ColdChainCheck tracks 1,275 wholesale drug distributors and 3PLs, of which 73 entities have at least one FDA recall on record. The Lanreotide recall underscores why recall execution capability constitutes a critical compliance signal: specialty distributors handling cold chain injectables must maintain reverse logistics infrastructure, validated cold chain packaging, and documented recall procedures to execute temperature-controlled product retrievals without compromising chain of custody.

The directory's compliance score distribution reveals that 919 entities (72%) fall into the "Fair" tier (41-60 points), indicating verified licensure and FDA registration but limited transparency on advanced compliance signals such as NABP accreditation or recent FDA inspection outcomes. Only 28 entities achieve "Excellent" scores (81-100 points), reflecting full accreditation through NABP's verification program and clean regulatory histories. During pharmaceutical supply chain disruption events like the Lanreotide shortage, distributors with documented compliance infrastructure—captured in higher ColdChainCheck scores—typically demonstrate faster recall response times and more robust deviation investigation protocols.

Of the 1,234 entities with verified FDA registration in ColdChainCheck's directory, approximately 287 identify as specialty pharmaceutical distributors or cold chain logistics providers. These entities face heightened exposure to OAI-triggered recalls because specialty drugs requiring temperature-controlled distribution (2-8°C or frozen storage) involve more complex reverse logistics than ambient pharmaceuticals. The intersection of FDA drug recall procedures and cold chain specialty pharmacy operations creates operational risk that ColdChainCheck's compliance scoring methodology captures through cross-referencing FDA registration status, state licensure across temperature-controlled storage jurisdictions, and recall history.

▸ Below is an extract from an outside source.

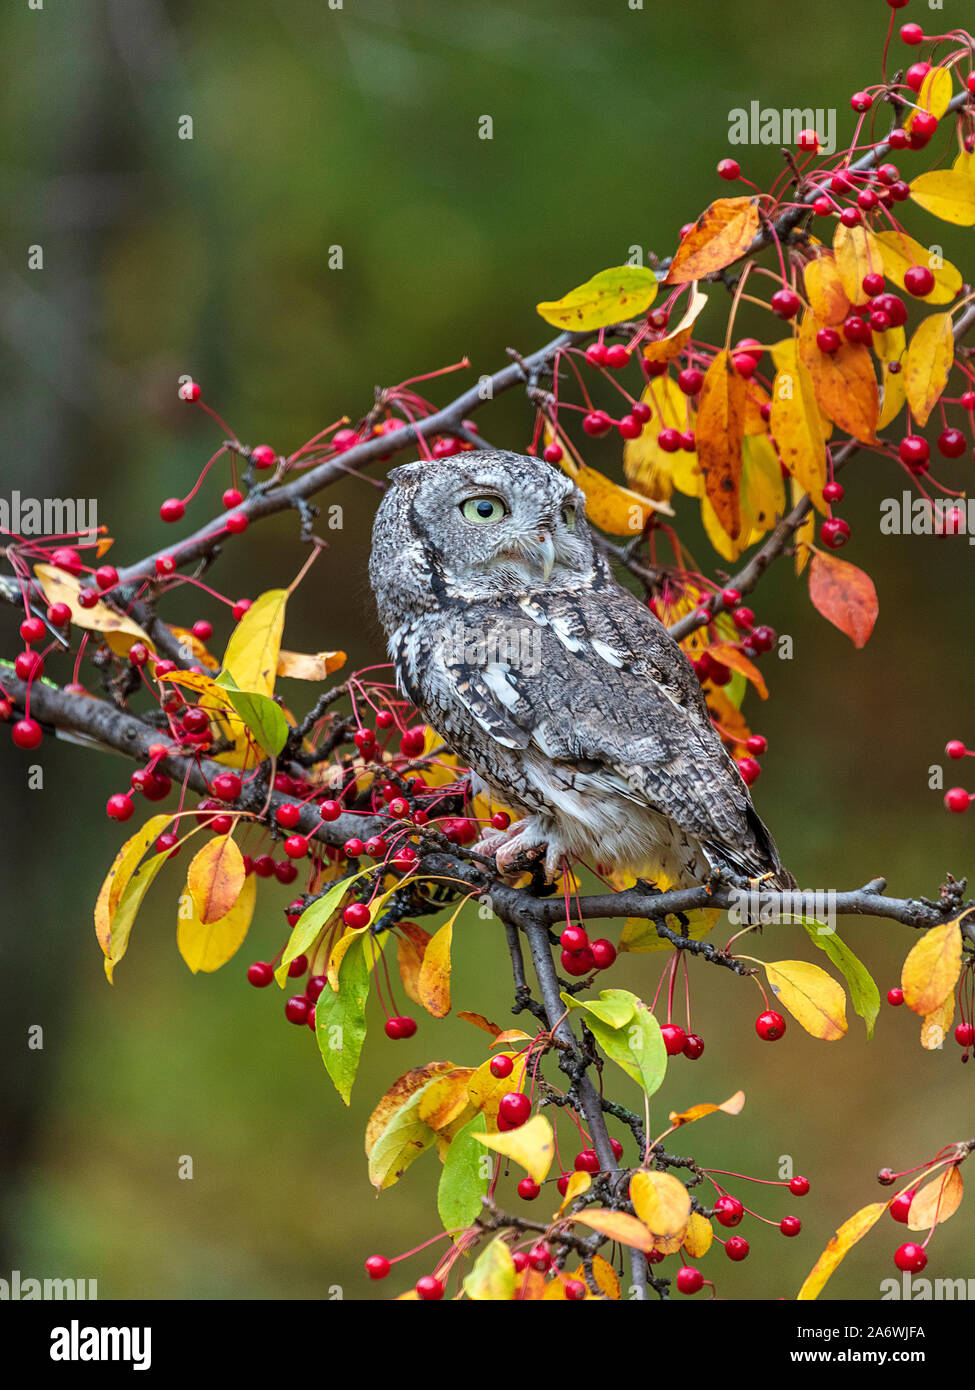 Eastern Screech Owl (Megascops asio), graue Phase, die im Baum, Herbst gehockt, E Nordamerika, von James D Coppinger/Dembinsky Foto Assoc Stockfoto

Practical Steps for QA Managers

  • Verify trading partner recall readiness: Use the ColdChainCheck directory to confirm that wholesale distributors and 3PLs handling specialty injectables maintain active FDA registration and multi-state licensure. Entities with compliance scores below 50/100 may lack documented reverse logistics capabilities required for temperature-controlled recalls.
  • Cross-reference recall history: Filter the directory by entities with FDA recalls on record to identify trading partners with prior recall execution experience. The 73 entities in this subset provide operational track records for evaluating responsiveness during shortage-driven recalls.
  • Document alternative sourcing: During OAI classification pharmaceutical shortages, procurement teams must qualify backup distributors rapidly. ColdChainCheck's state licensure cross-reference enables quick verification that alternative partners hold active licenses in jurisdictions where recalled product requires retrieval.
  • Monitor NABP accreditation status: The 63 NABP-accredited entities in ColdChainCheck's database represent distributors with verified compliance infrastructure including documented recall procedures, temperature monitoring protocols, and deviation investigation systems—capabilities essential during specialty drug shortage management.

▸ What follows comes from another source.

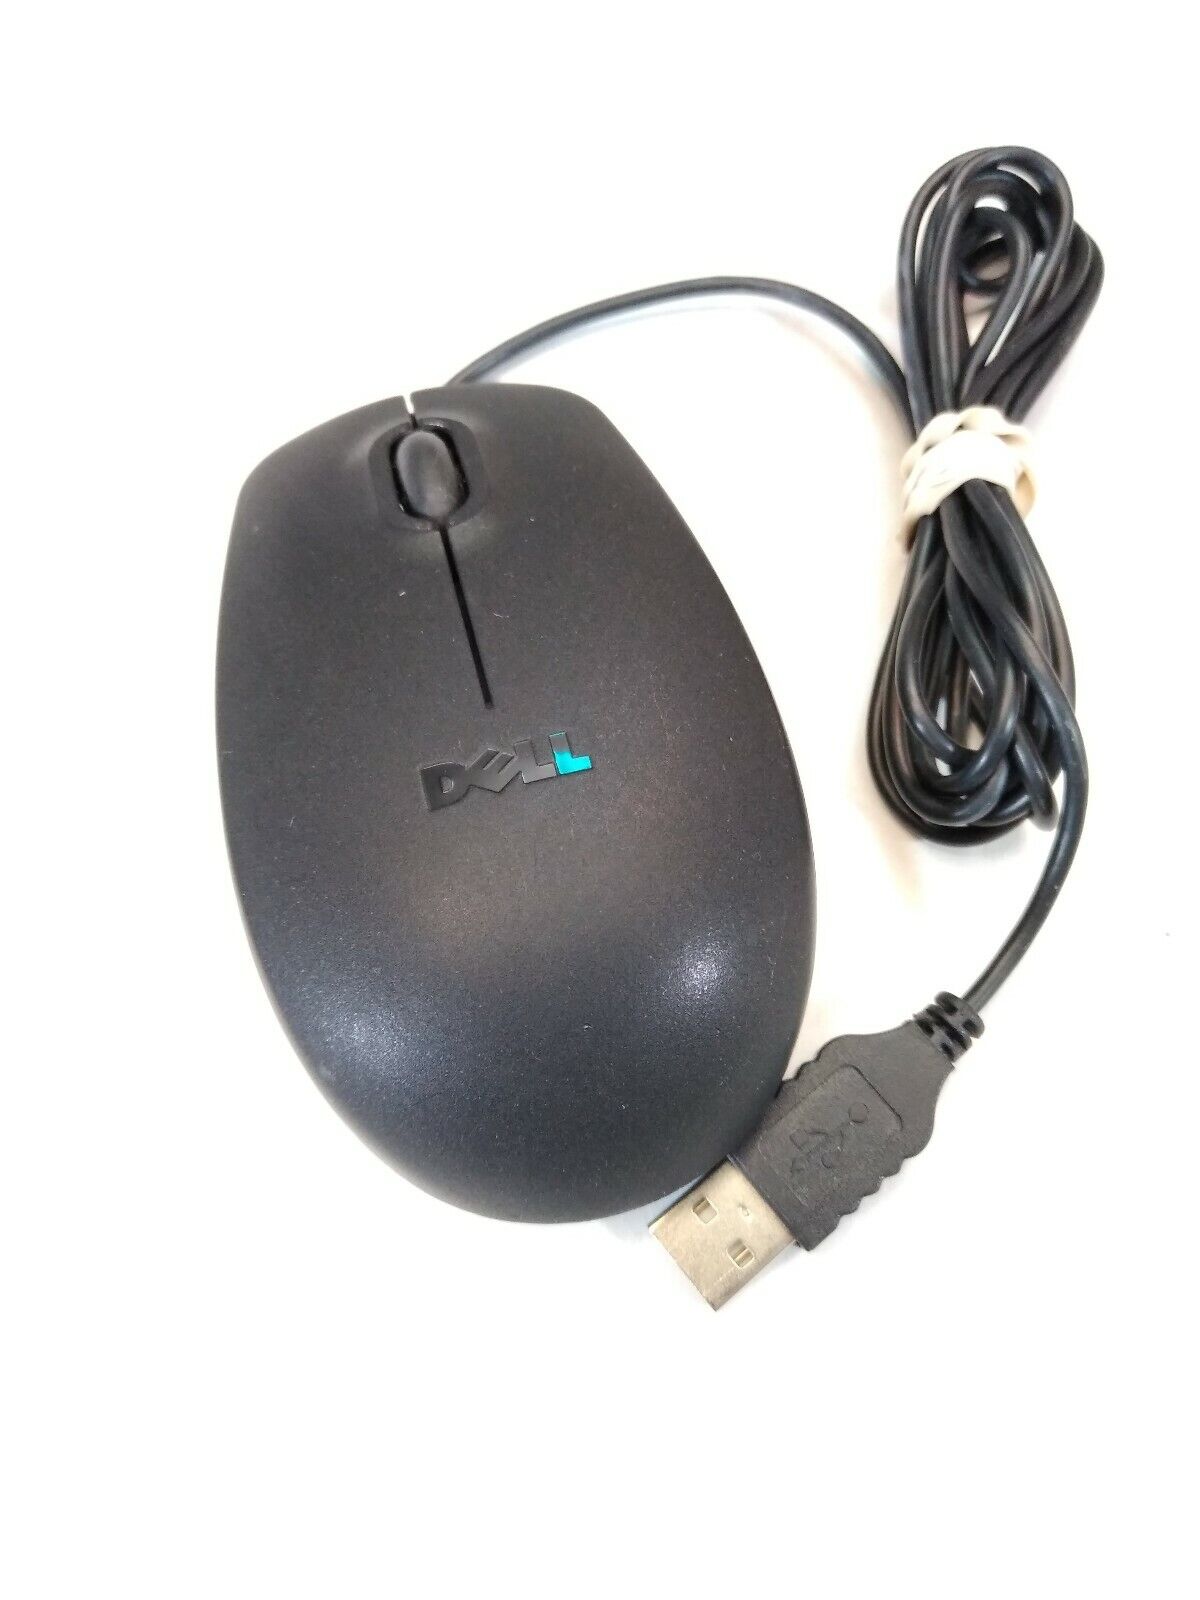 Dell USB Optical 3 button Mouse MS111-L, MS111-P

ColdChainCheck continuously monitors FDA enforcement actions, recall notices, and drug shortage designations. Subscribers receive updates when tracked entities appear in FDA recall databases or receive regulatory actions. For guidance on interpreting compliance scores during supply chain disruptions, see the regulatory compliance guides section.


Disclaimer: This content is provided for informational purposes only and does not constitute legal or regulatory advice. Wholesale drug distributors, 3PLs, and specialty pharmacies should consult qualified legal counsel and verify all compliance requirements with relevant state boards of pharmacy, the FDA, and other regulatory authorities.

Disclaimer: This article is for informational purposes only and does not constitute legal or regulatory advice. Always verify current details with the relevant regulatory authorities before making compliance decisions.